Sonner and Uhrig's press conference announcing they were stepping down from Zimmerman's defense was "professional suicide," Stephen Gillers of New York University School of Law told Reuters.
That's because Florida's Rules of Professional Conduct prohibit a lawyer from revealing "information relating to the representation" of a former client. The lawyers did that when they spoke to reporters, Gillers and other ethics experts said.
At Tuesday's press conference, Hal Uhrig explicitly told reporters neither he nor Craig Sonner were disclosing anything protected by the attorney-client privilege, Reuters reports. But Gillers says Florida's ethics rules protect "information, not just communications."
Such protected information would likely include Zimmerman's alleged personal phone call to the special prosecutor, and his being "emotionally crippled," as Uhrig described at the press conference.

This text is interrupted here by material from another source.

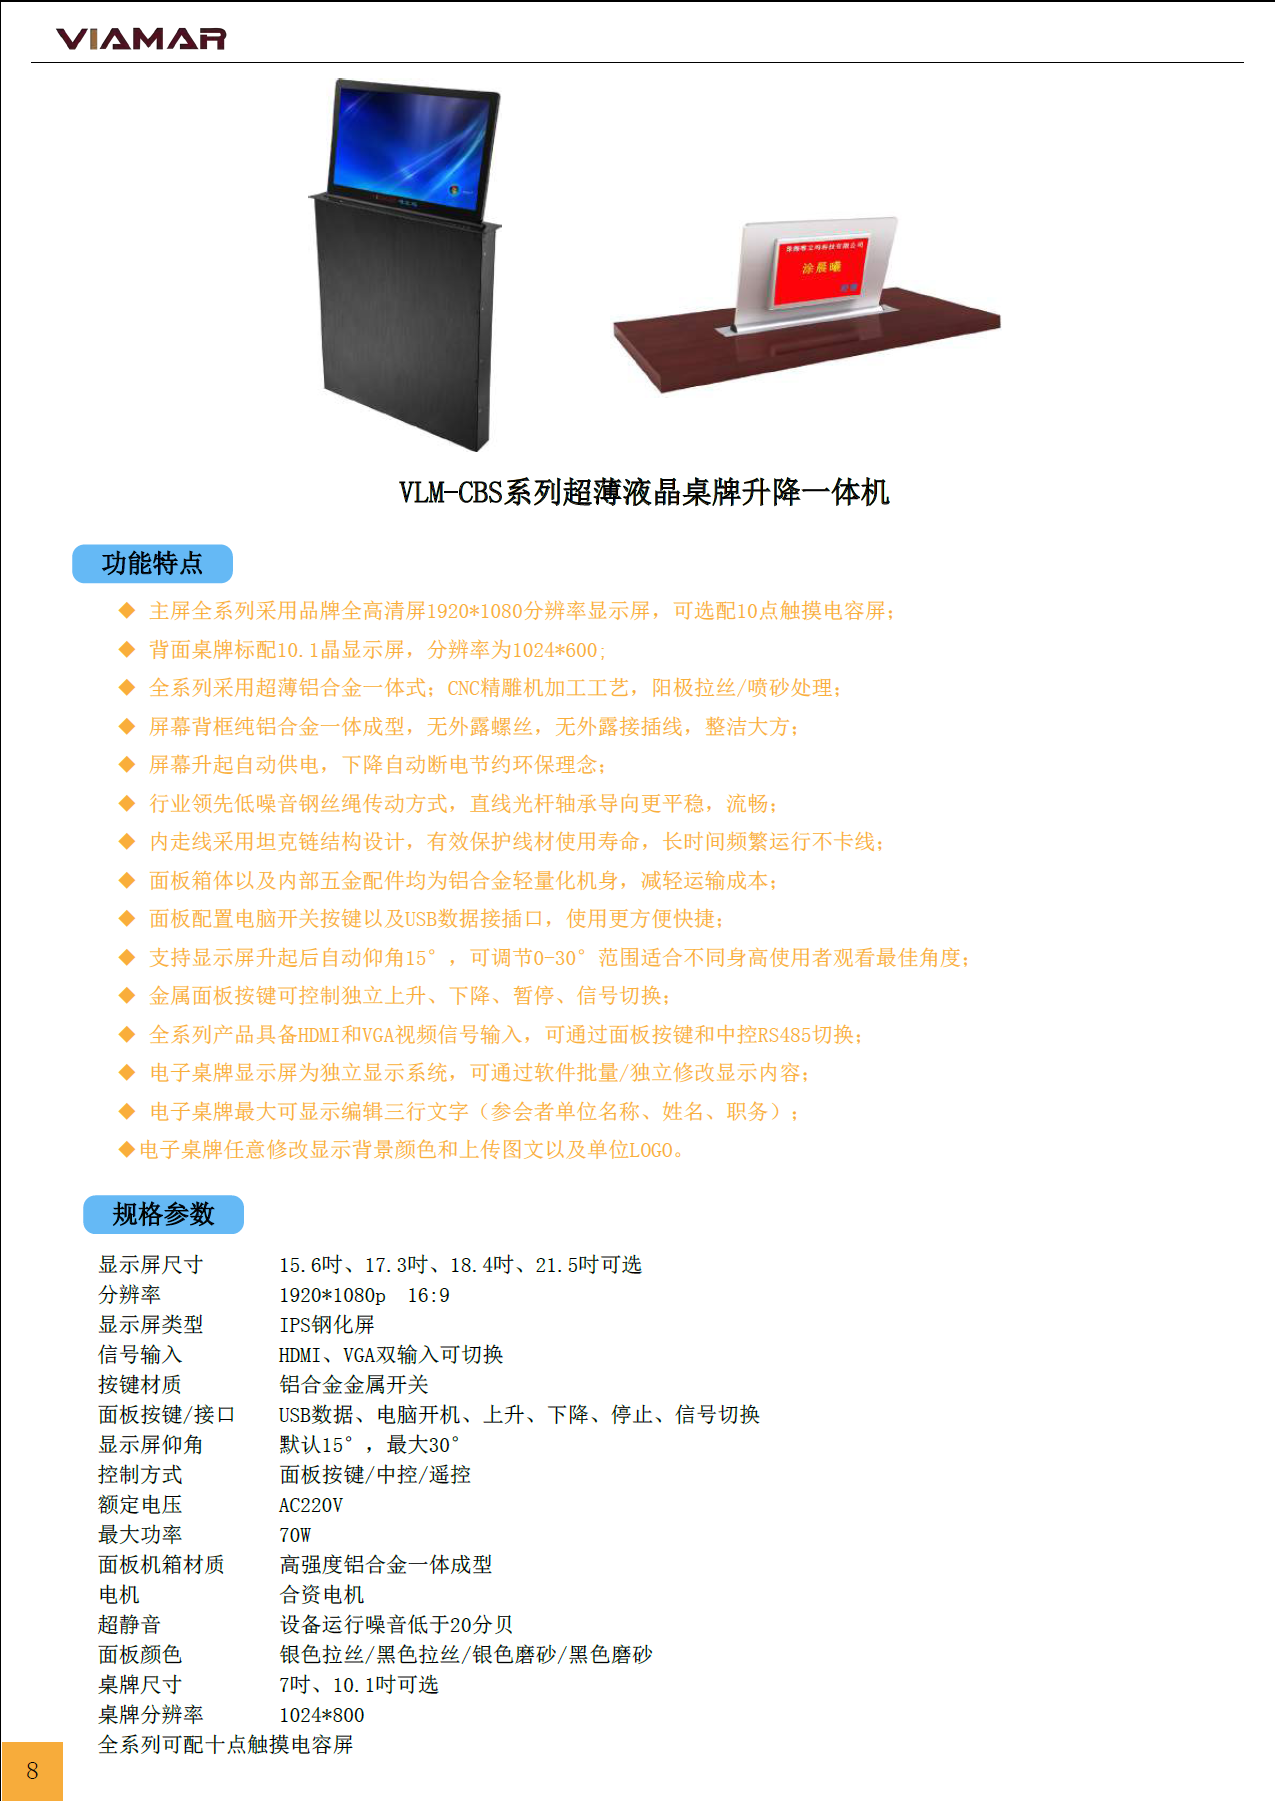 产品名称2.15吋+10.1吋超薄液晶桌牌升降一体机（双屏触摸版）产品详情VLM-CBS215-CM产品参数图
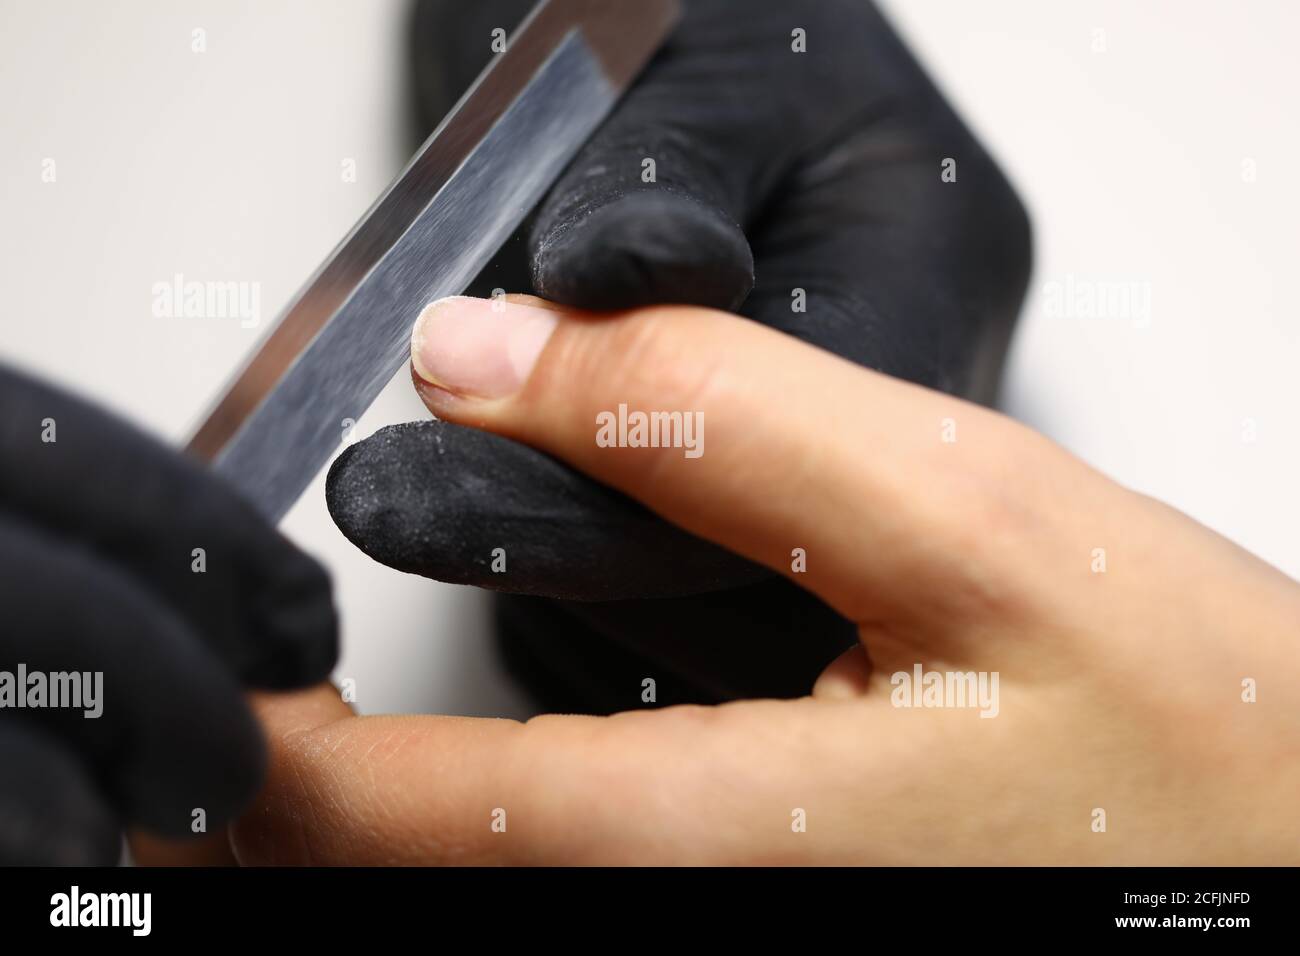 El manicurista sostiene el dedo del cliente y forma la longitud de la uña con la lima de uñas. Foto de stock

Calling out a former client's mental state may jeopardize the client's right to a fair trial "because you are creating the substantial possibility of prejudice," University of Miami School of Law professor Anthony Alfieri told Reuters.
On the other hand, Florida attorneys are allowed to counter negative media publicity if a client authorizes counsel to do so, according to Reuters. But it's not clear if Uhrig and Sonner got Zimmerman's permission.
Even before the lawyers withdrew, critics questioned their extensive national media interviews. One ethics prof opined that their detailed description of George Zimmerman's account of the Trayvon Martin shooting was "right there on the edge" of violating Florida's rule against prejudicial extrajudicial statements.
Craig Sonner denied he and Hal Uhrig did anything wrong: "Nothing was discussed that wasn't already in the media," he told Reuters. But ethics professors say it's possible the Florida Bar may launch an investigation.